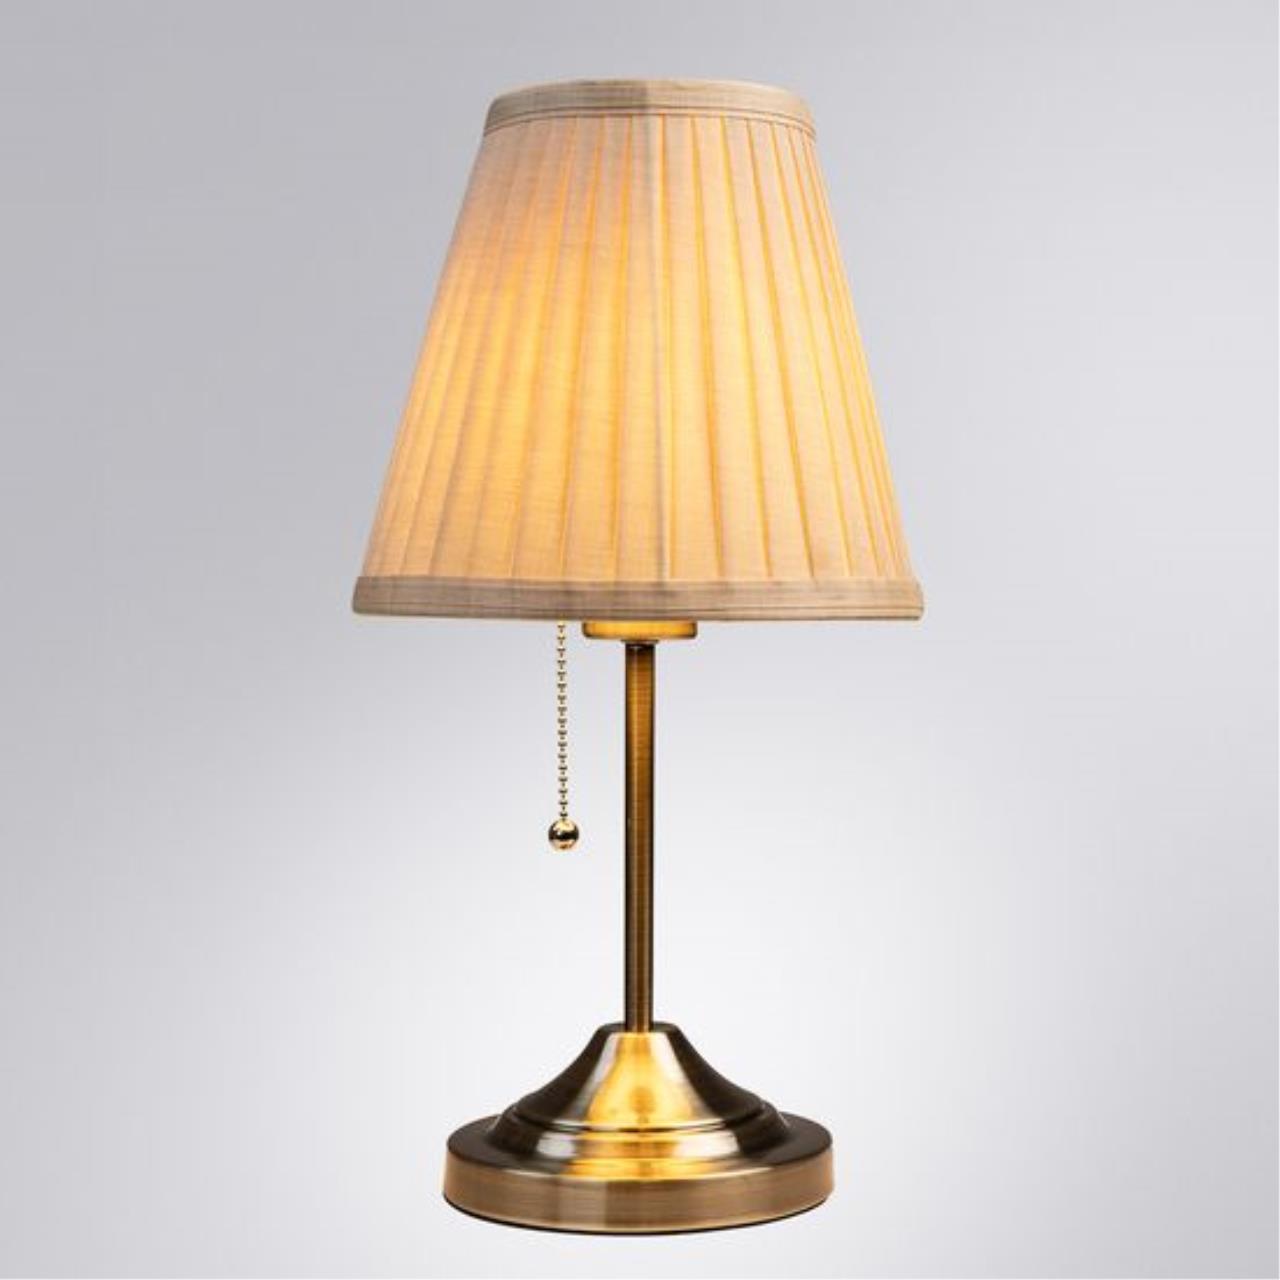 Интерьерная настольная лампа Arte lamp A5039TL-1AB
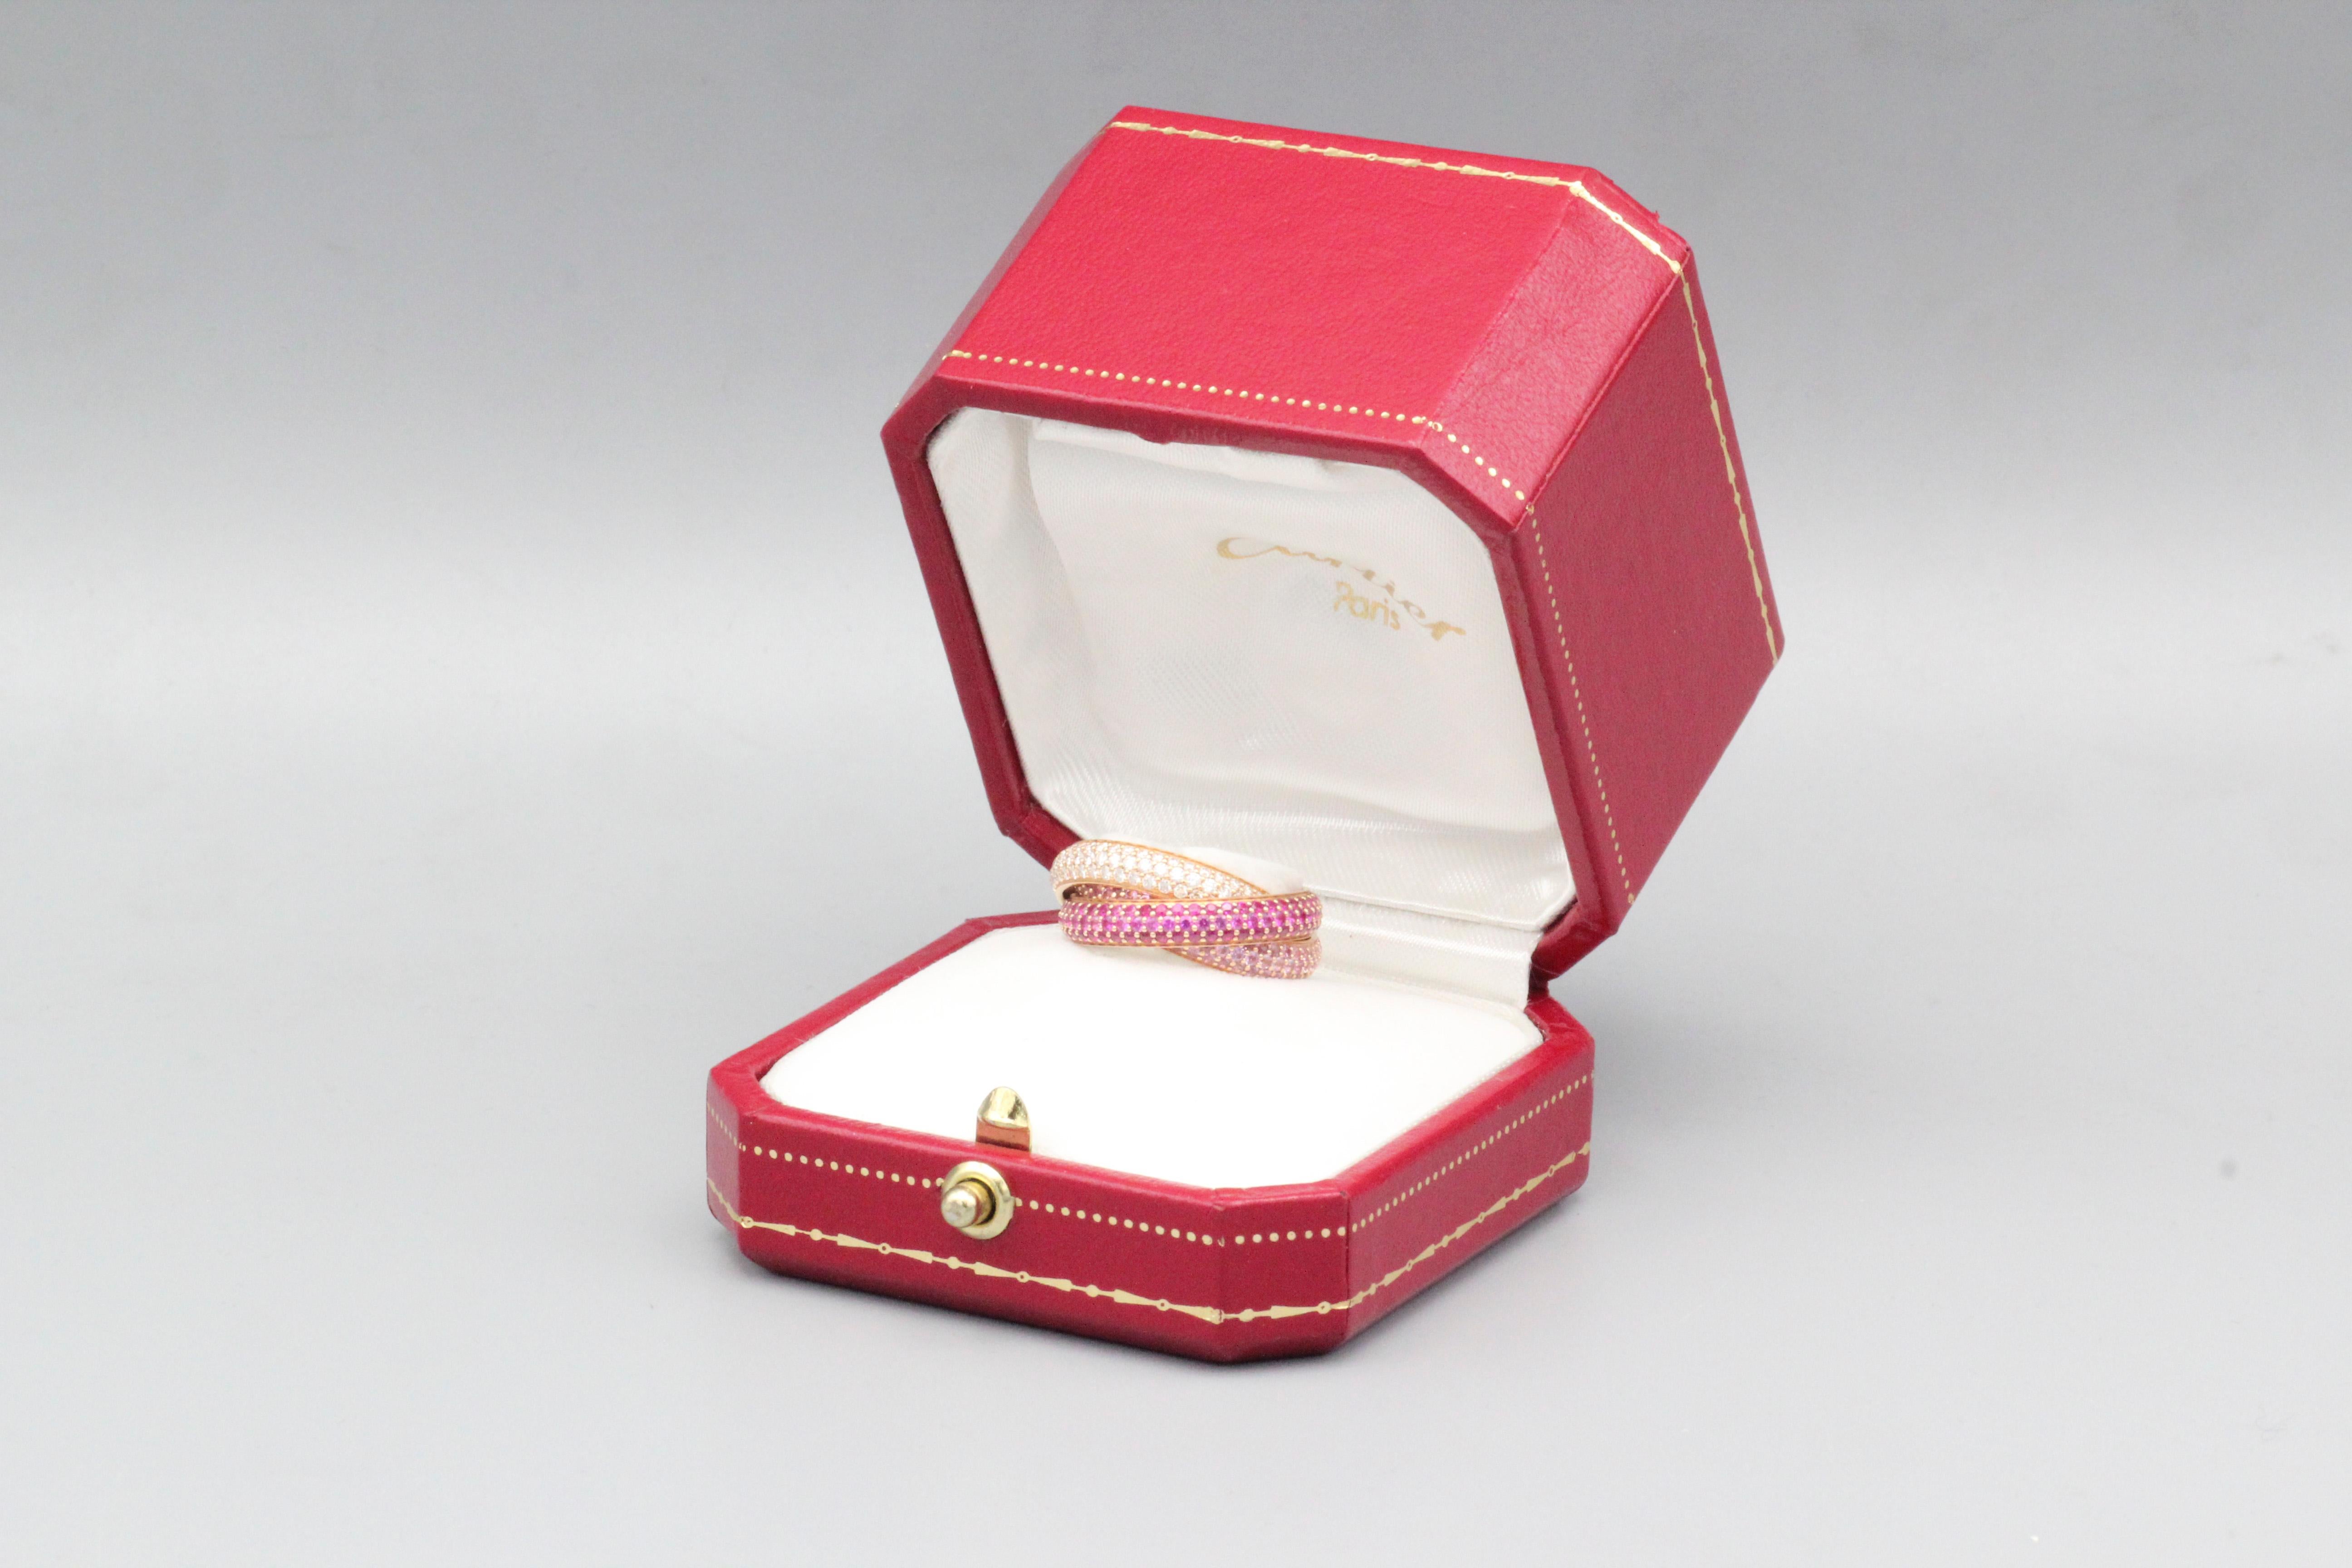 Plongez dans le monde du luxe avec le bracelet Cartier Trinity Ruby Pink Sapphire Diamond 18k Rose Gold - un témoignage de la collection emblématique Trinity de Cartier, qui associe pierres précieuses et savoir-faire artisanal exquis. Cette bague du
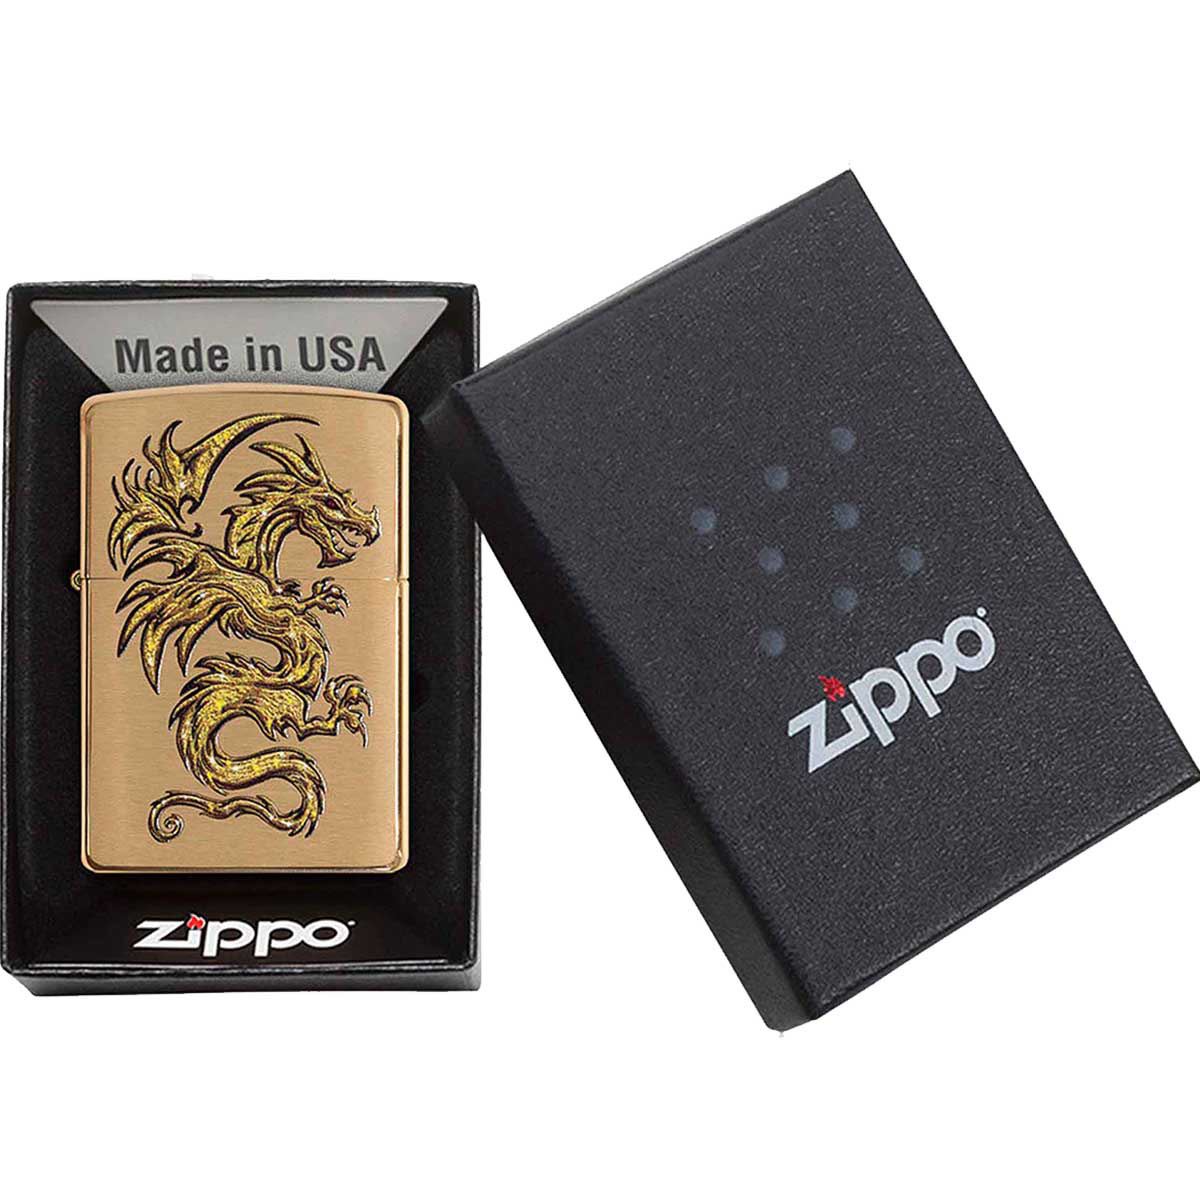 Encendedor Zippo Color Dorado Diseño Dragón
+++
◆ What you will do
Copy out the whole listing exactly. Skip its pictures.

◆ Exercise response
 Интерьерная настольная лампа Arte lamp A5039TL-1AB
 Plongez dans le monde du luxe avec le bracelet Cartier Trinity Ruby Pink Sapphire Diamond 18k Rose Gold - un témoignage de la collection emblématique Trinity de Cartier, qui associe pierres précieuses et savoir-faire artisanal exquis. Cette bague du
 Encendedor Zippo Color Dorado Diseño Dragón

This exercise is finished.